Младший сын, стр. 137

Видение незримо ширится и тает, исчезая в снежной пыли, в сиреневых сумерках, в тишине настороженно ожидающего весны бора. Княжеский поезд скачет домой, в Переяславль.

Глава 120

Житницы полны хлеба. Амбары и погреба ломятся от снедного изобилия. В медовушах разливанное море медов и заморских вин. В бертьяницах меха и кожи, скора, лопоть, лен, иноземные бархаты и шелка. В ларцах, сундуках и скрынях золото и серебро, чаши и братины, дорогие пояса и цепи, жемчуг и гривны новгородского серебра. В оружейных палатах брони и панцири, куяки и колонтари, сабли, шеломы, щиты, мечи, топоры, клевцы и рогатины, связки копий и мешки стрел, луки, колчаны, седла, попоны и сбруя, запасные подковы, гвозди… Все есть, и всего много. И дружина, кованая рать, в бронях, и легкая конница, и пешцев можно набрать, села полны народом. И бояр прибавилось на княжом дворе, хоромы больших бояр заполнили весь угол Кремника.
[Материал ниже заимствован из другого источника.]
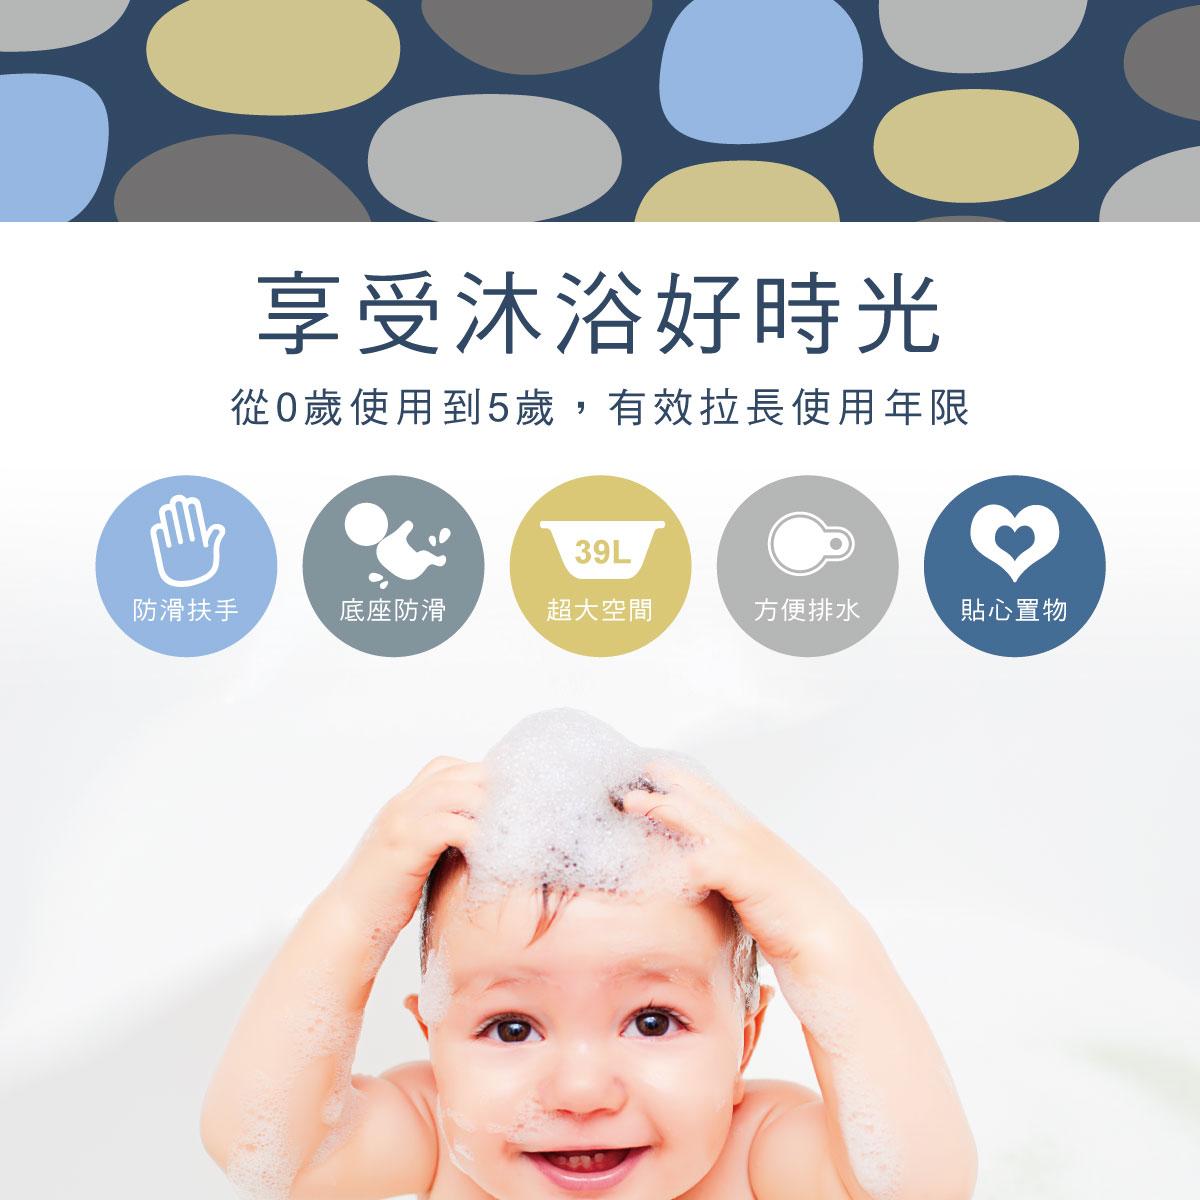 proimages/Bathing&CleanSeries/Bathing/BabyBathTub/1135/1135-成長印記浴盆-EDM-1.jpg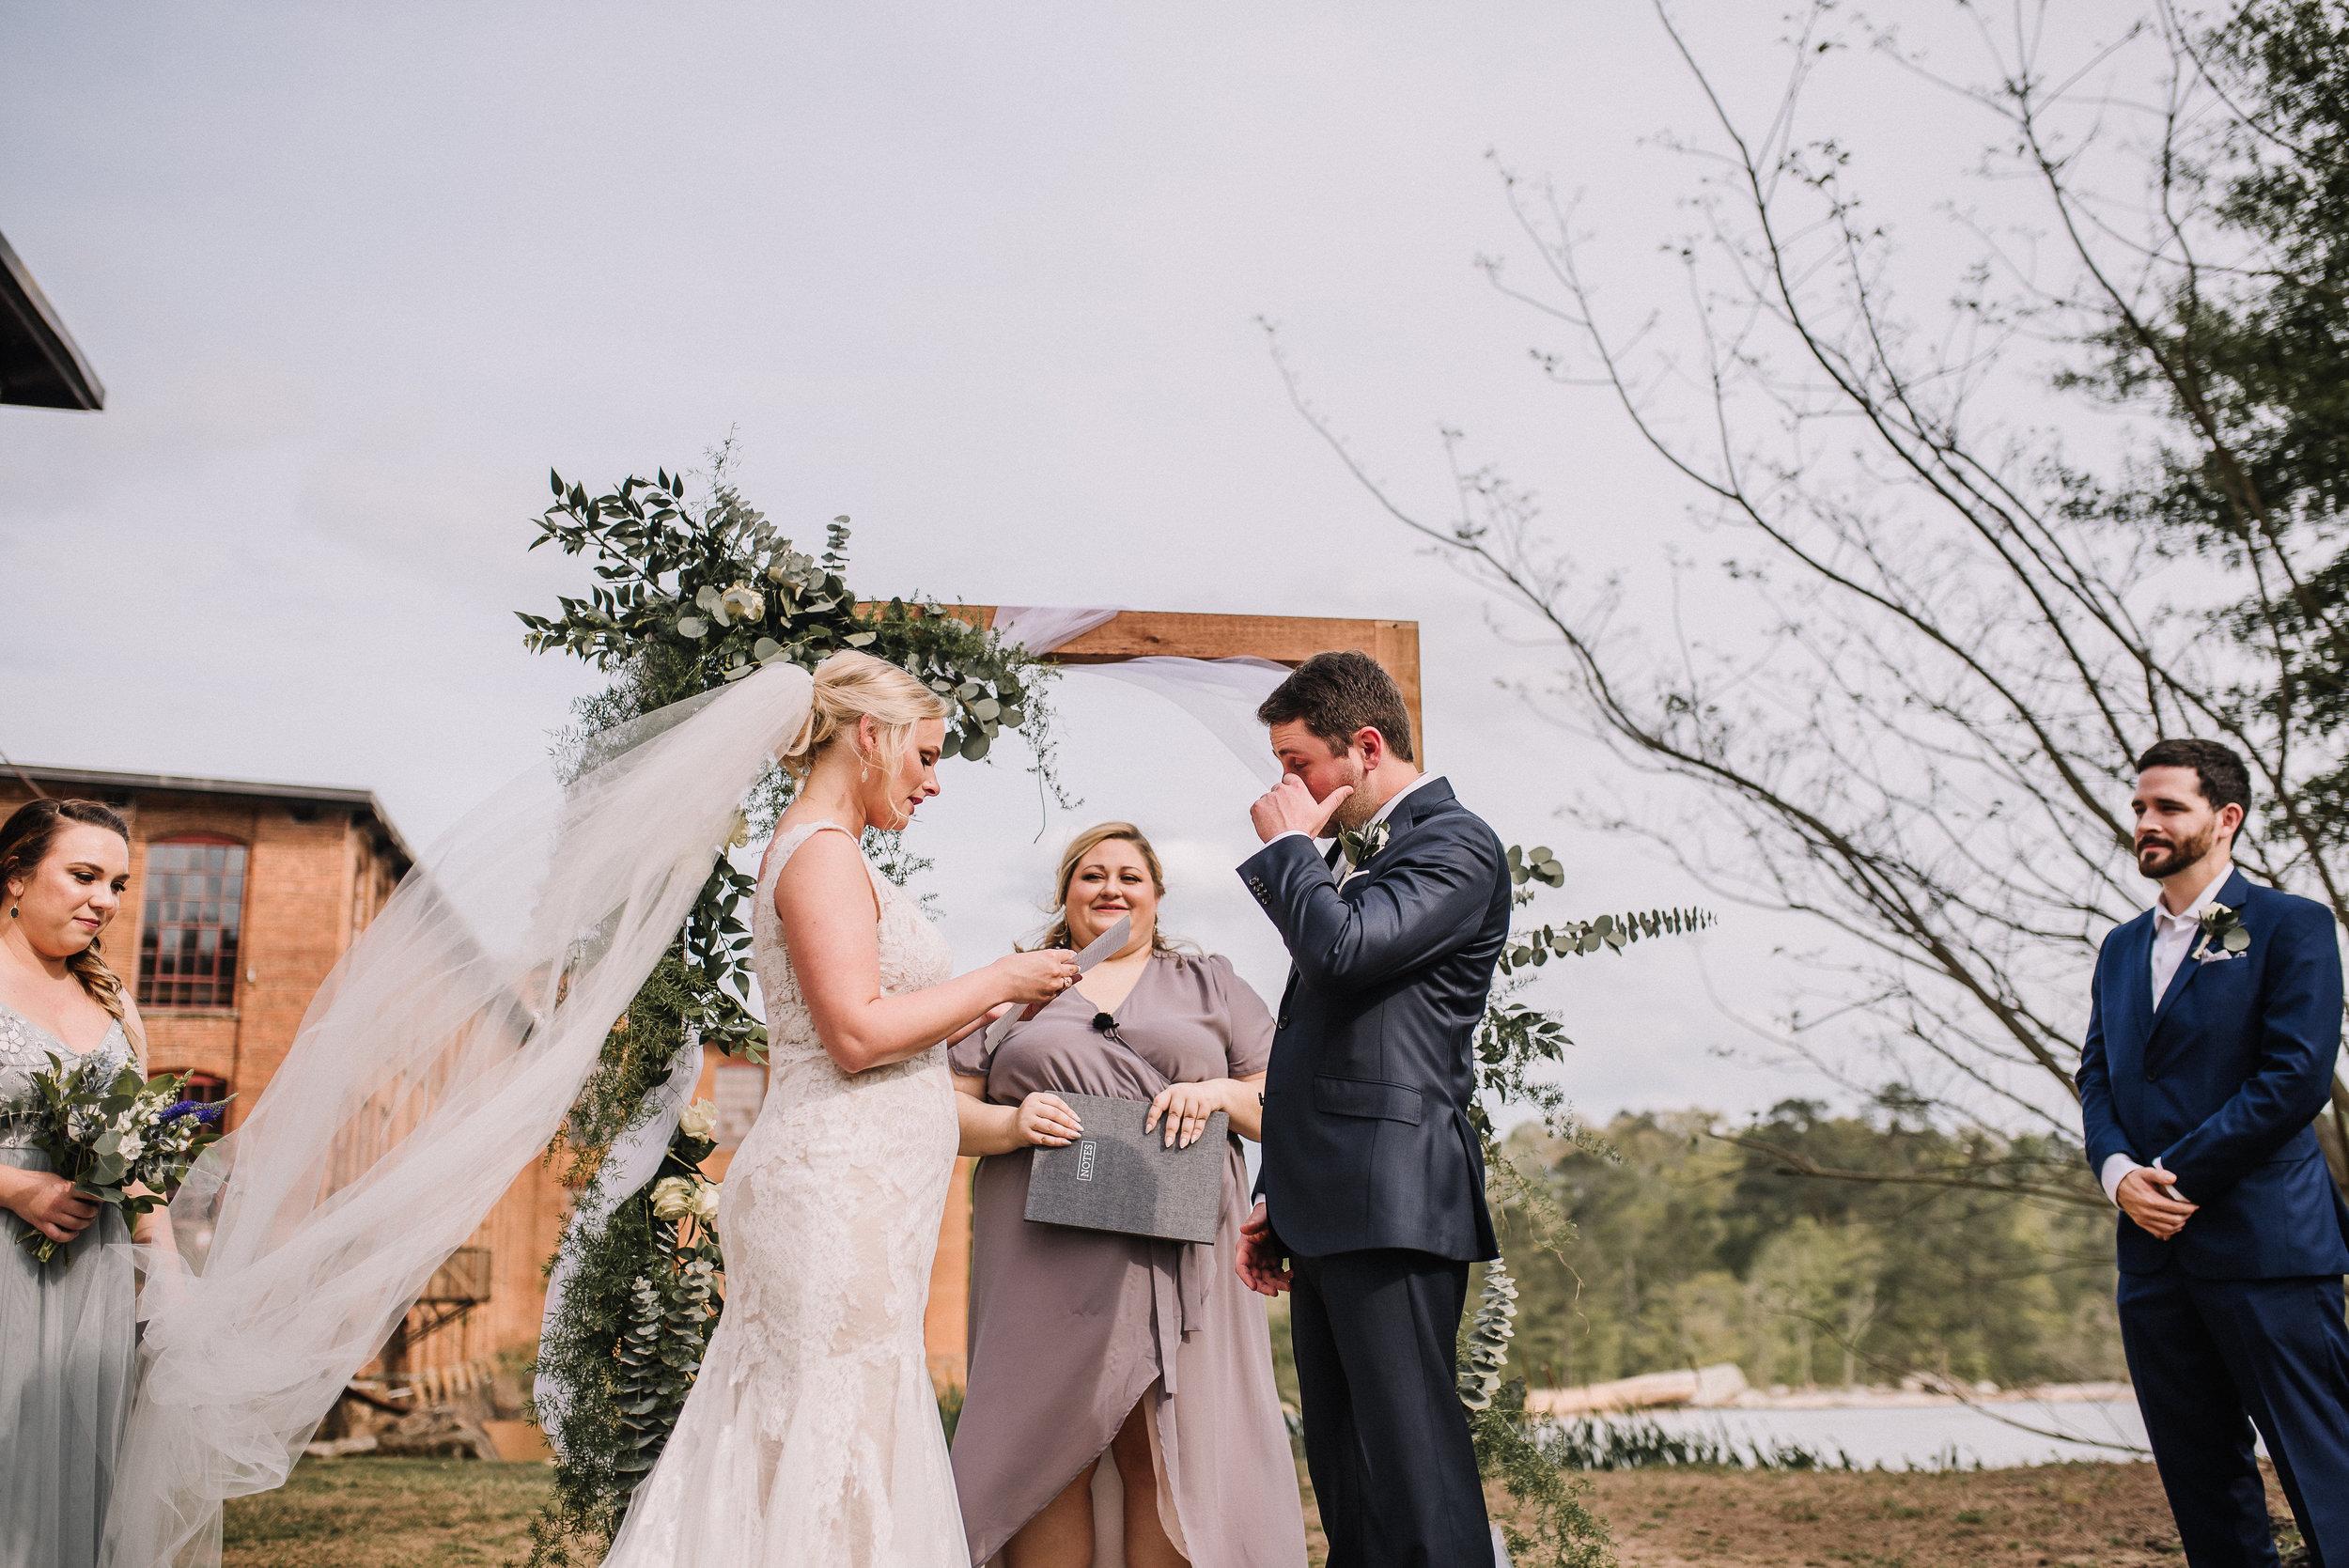 Morgan Wedding_Mill at Yellow River_Ashley Benham Photography-606.jpg

И бояре и дружина требуют вести их в поход. И купеческая старшина требует отобрать Коломну и поставить там свой мытный двор, посадить своих тиунов и вирников. И так уж в Коломне что ни купец, то и москвич, а сборы торговые уходят посторонь. А нынче и совсем худо стало, как рязанский князь на лодейное и весчее руку наложил. И не вытерпеть, и нельзя, чтобы богатства и обилие утекало в пограничьях на чужих мытных дворах тому же хоть рязанскому князю. Почему тот, кто лучше хозяйничает на земле, должен платить тому, кто только берет, не делая ничего самолично.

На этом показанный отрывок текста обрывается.